Excerpts from a dataset:
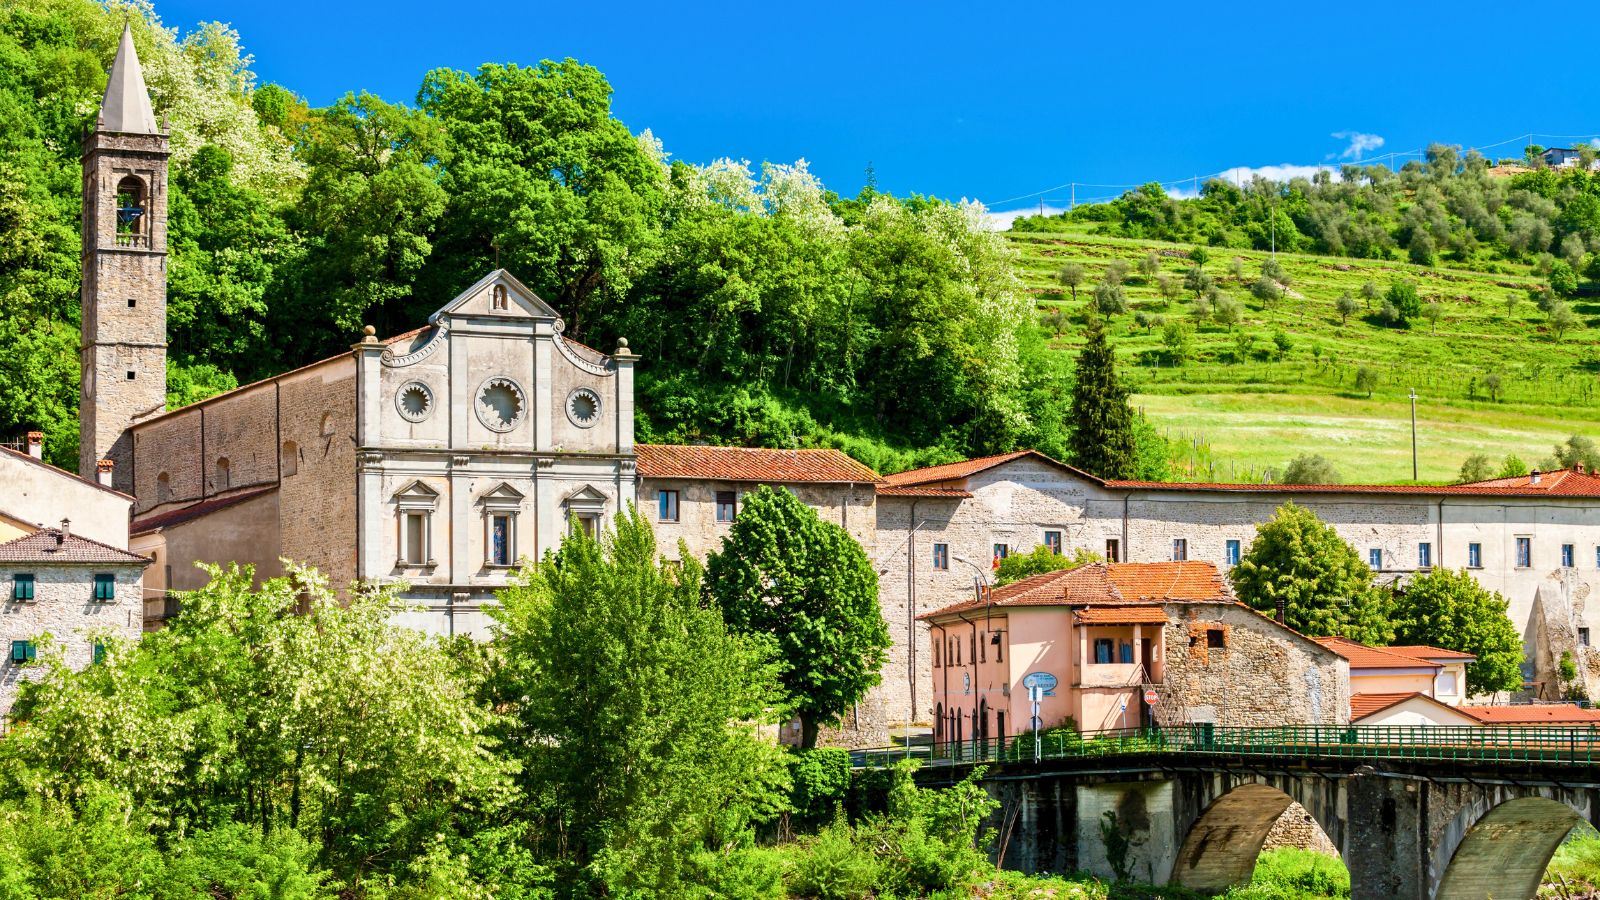 <p><span>This hidden gem in northern Tuscany offers a taste of traditional, off-the-tourist-trail Italy. </span><span>A historic market town at the foot of the Apennine Mountains, Pontremoli offers bucket-loads of old-world charm and easy access to nature. </span></p><p><span>Expect baroque cathedrals, medieval bridges, two beautiful rivers, and quaint piazzas bustling with locals.</span></p>
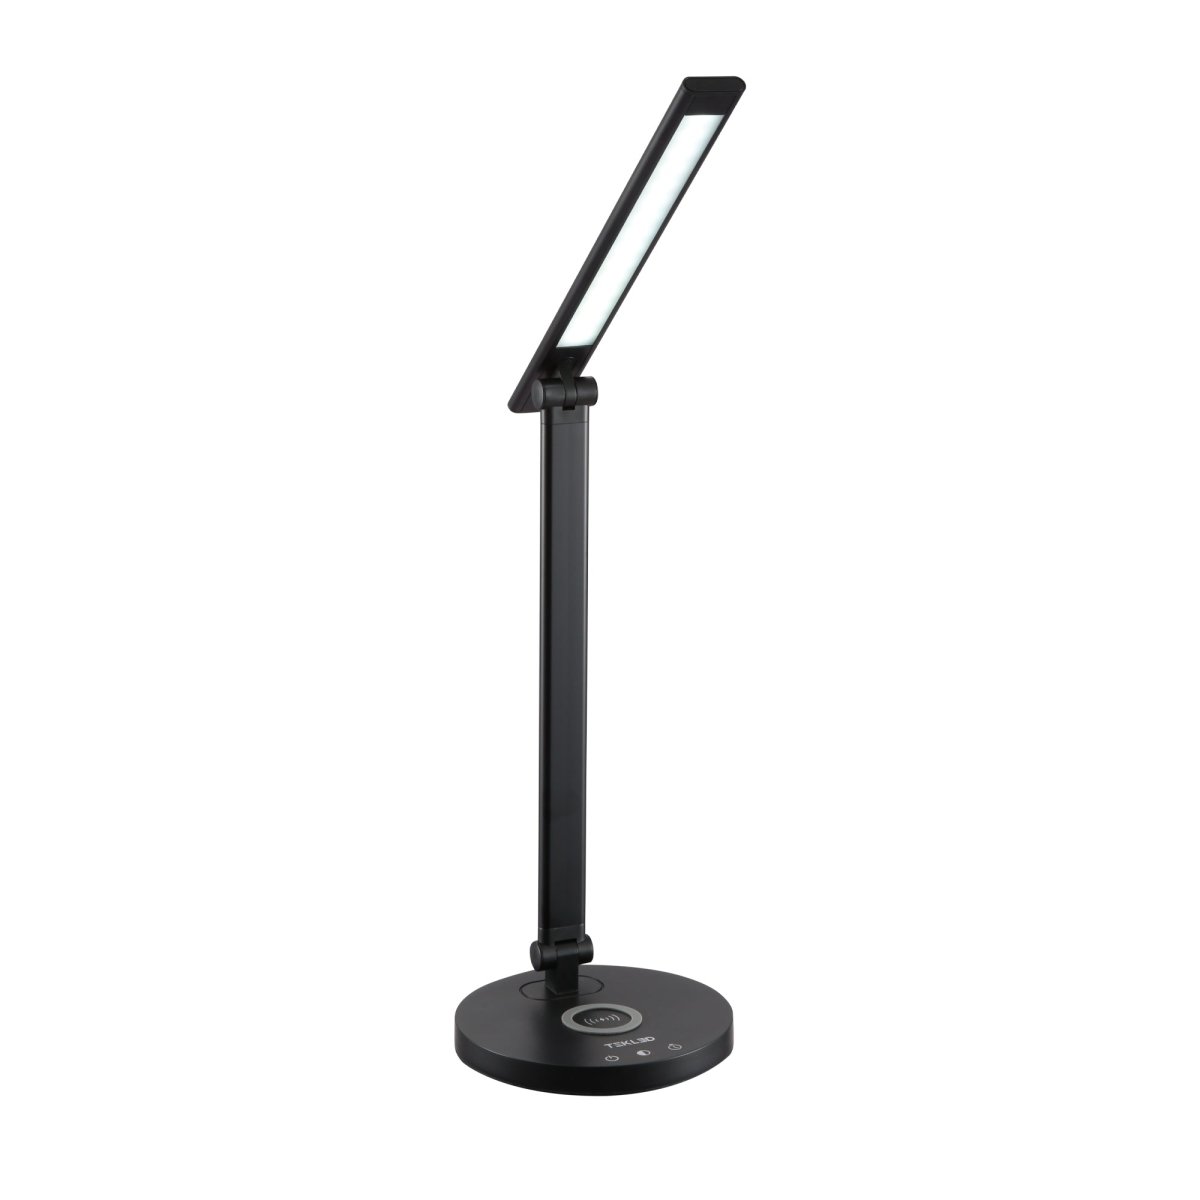 Main image of Lingo Silver Desk Light Dimmable and Colour Modes with Wireless Phone Charger | TEKLED 130-03626
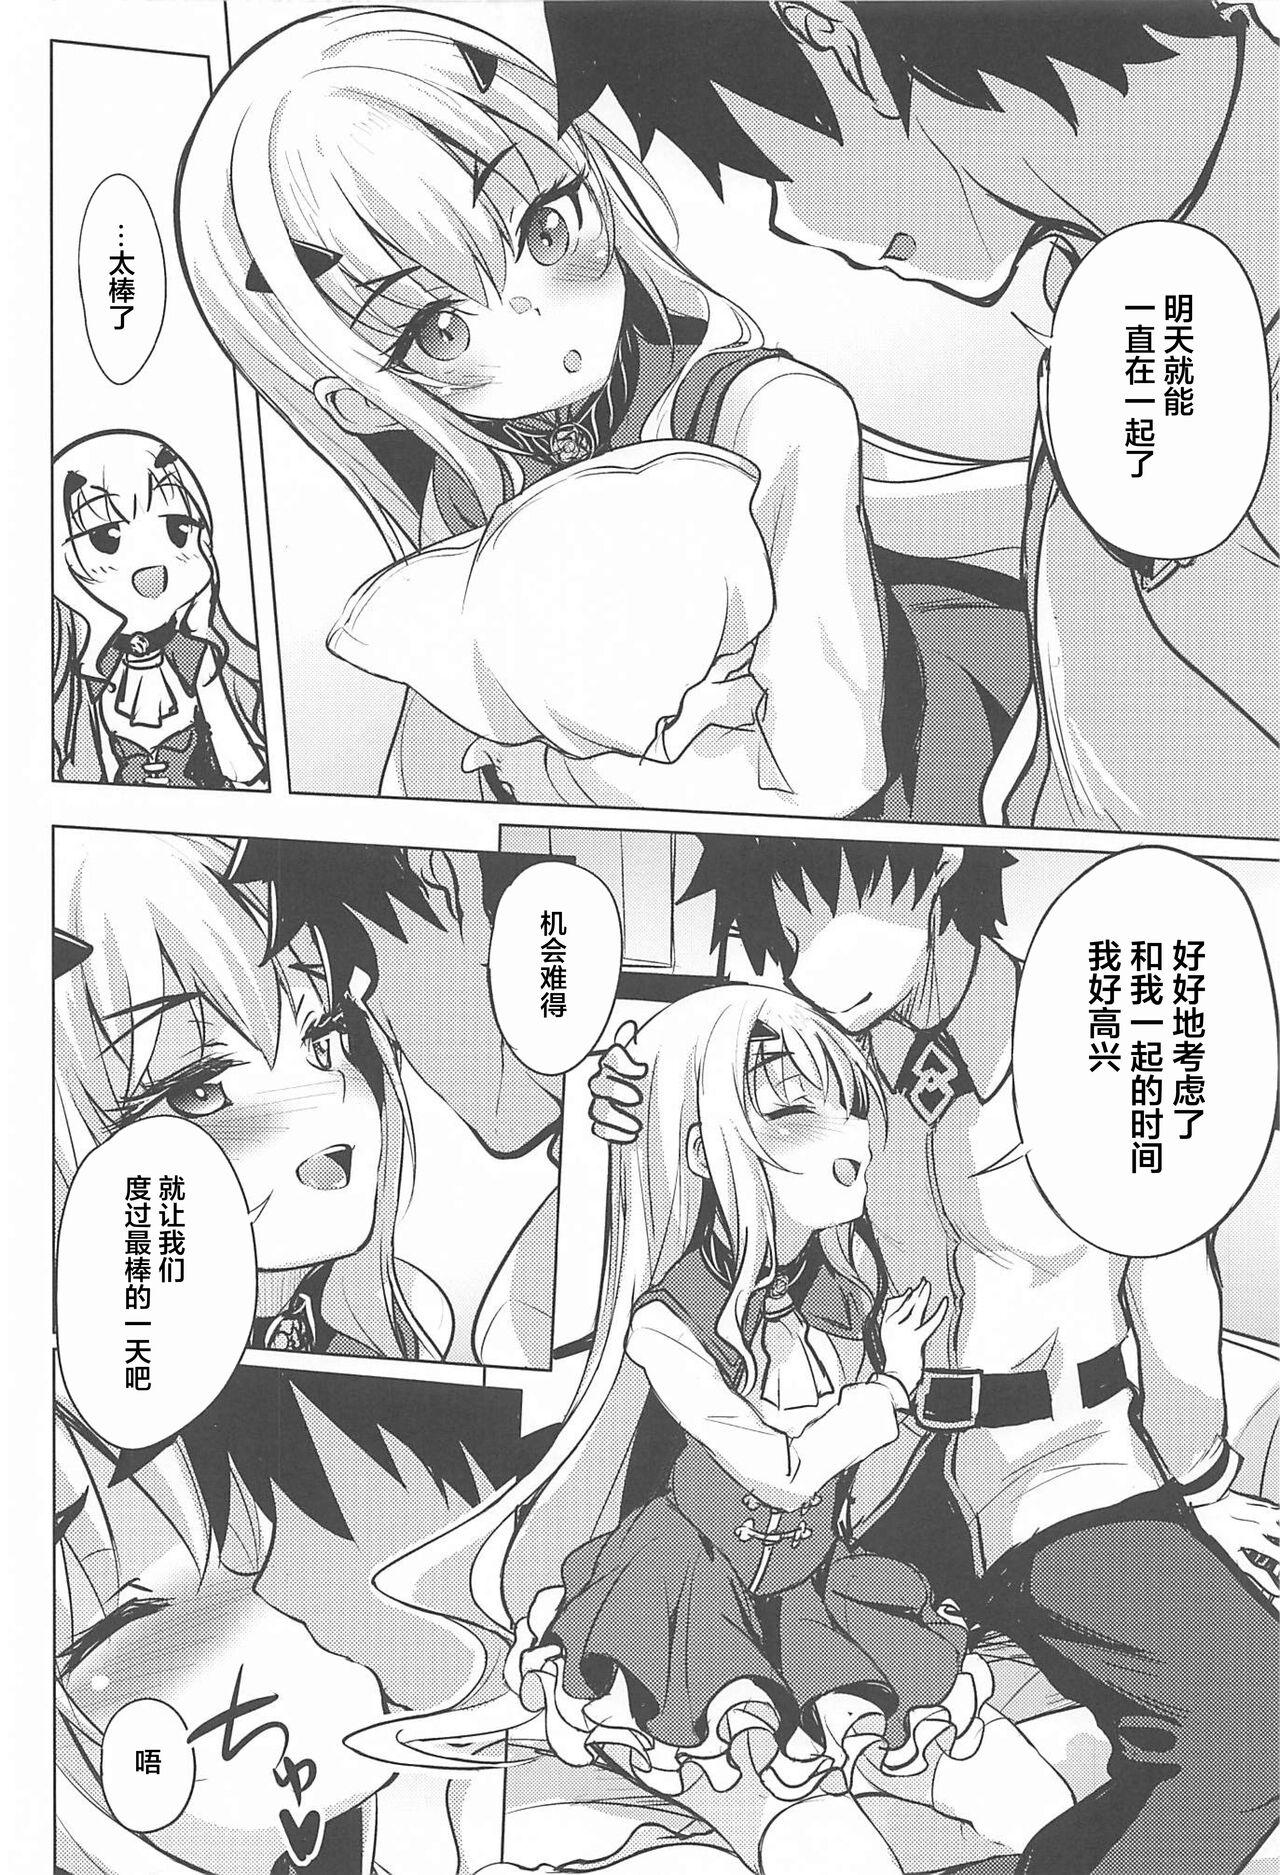 Camshow 休暇日和のメリュジーヌ - Fate grand order Hot - Page 4
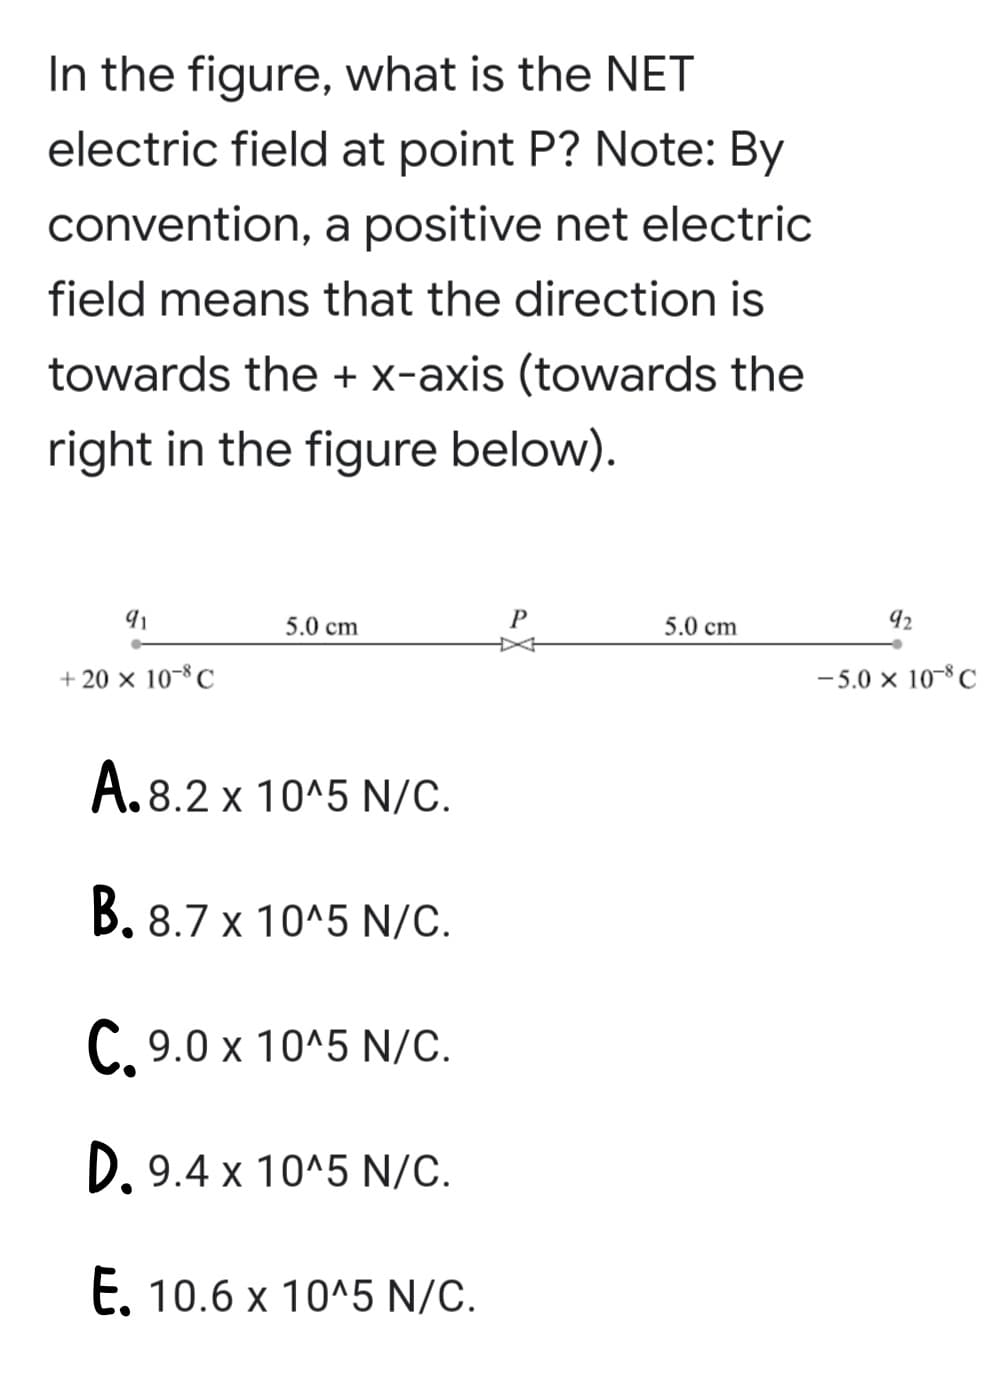 In the figure, what is the NET
electric field at point P? Note: By
convention, a positive net electric
field means that the direction is
towards the + x-axis (towards the
right in the figure below).
5.0 cm
5.0 cm
92
+ 20 × 10-8 C
- 5.0 x 10-8 C
A. 8.2 x 10^5 N/c.
B. 8.7 x 10^5 N/C.
C. 9.0 x 10^5 N/C.
D. 9.4 x 10^5 N/C.
E. 10.6 x 10^5 N/C.

## Activity
Reply with a number alone, the number of lines of the records that hold the word "electric".

## Task response
2